“Bana gerçekten anlatmamış olmana inanamıyorum Belma!”
Belma sıkıntıyla iç çekti, arkadaşı haklıydı.
“Yasemin, bu konuyu kapatmak istediğimi söylemiştim.” Sesi yalvarır gibi çıkıyordu.
“Bak, anlıyorum, gerçekten anlıyorum. Bu nahoş bir anı sonuçta ama biz yedi yıldır arkadaş değil miyiz? Hatta kardeş gibi değil miyiz? Tamam tanıştığımız gibi anlatmamış olman doğal fakat ya sonra?”
“Anlatmaya gerek görmedim işte.” Söz daha ağzından çıkarken yanlış olduğunu biliyordu.

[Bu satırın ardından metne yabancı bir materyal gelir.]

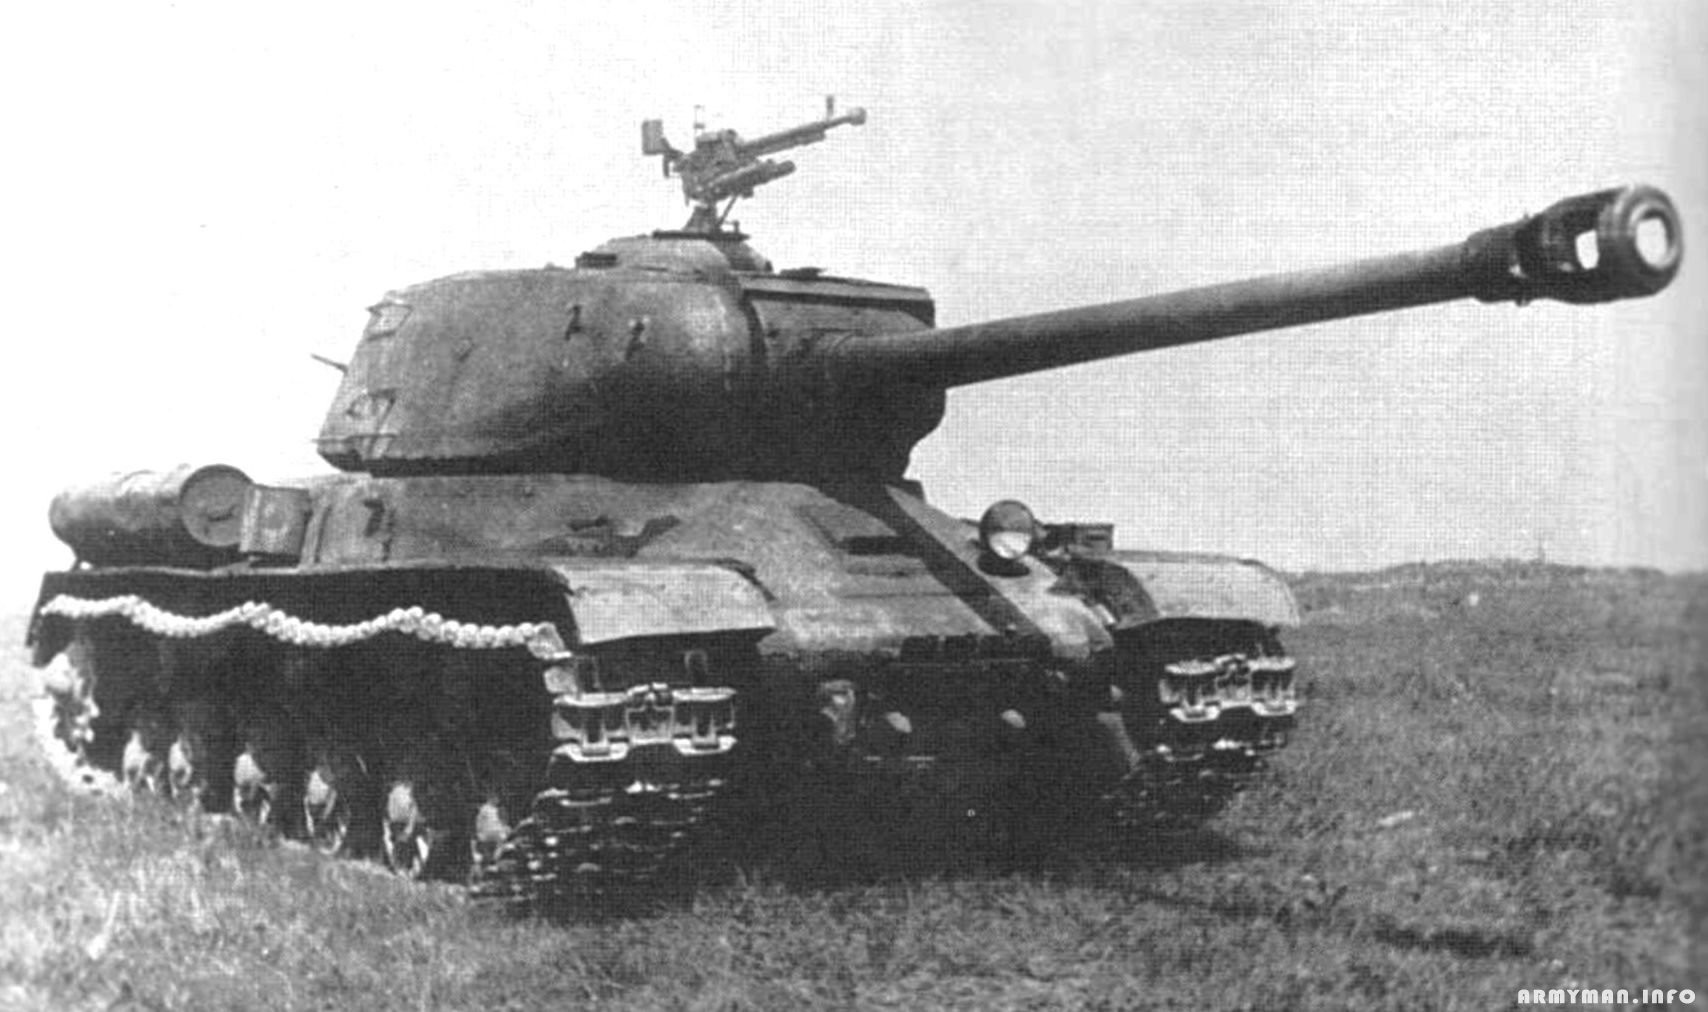 Тяжелый танк времен войны

“Pardon? Özrü kabahatinden büyük diye buna denir sanırım.”
<Al, işte.>
Yasemin gerçekten sinirliydi, kırılmıştı ve Belma da bunun farkındaydı.
“Özür dilerim." dedi yenilgiyle, "Seninle paylaşmam gerekirdi. Haklısın. Bu ufak bir şey değil. Sadece... Kolay değildi be Yasemin. Yaşadığım hayal kırıklığı çok büyüktü. Kalbim acımıştı. Anneme bile çıkıp diyememiştim hiçbir şey. Neden, diye soramamıştım. O gün o kuliste rezil olmamda payı çok büyüktü. Öğretmen beni azarlarken o çocukların bakışları altında… Hiç bu kadar utanmamıştım hayatımda. Unutmak istedim. Sanki hiç piyano ya da keman çalmamışım gibi olsun istedim. Üstünü örtünce rahatlarım, unuturum sandım. Yani, ne biliyim işte… Çıkıp da ‘Yasemin ben eskiden keman çalıyordum biliyor musun? En çok zevk aldığım şeydi hem de. Bir gün konser öncesi heyecandan kuliste kusunca öğretmen beni azarlayıp tüm beceriksizliğime rağmen annemin ricası üzerine beni orkestraya aldığını söyledi. Çok utanmıştım tabi. Bıraktım ben de.’ diyemezdim ki.”
Arkadaşının bu üzgün halini gören Yasemin yelkenleri suya indirdi. Yavaşça yaklaşıp yanına banka oturdu. Tek elini arkadaşının omzunu koydu.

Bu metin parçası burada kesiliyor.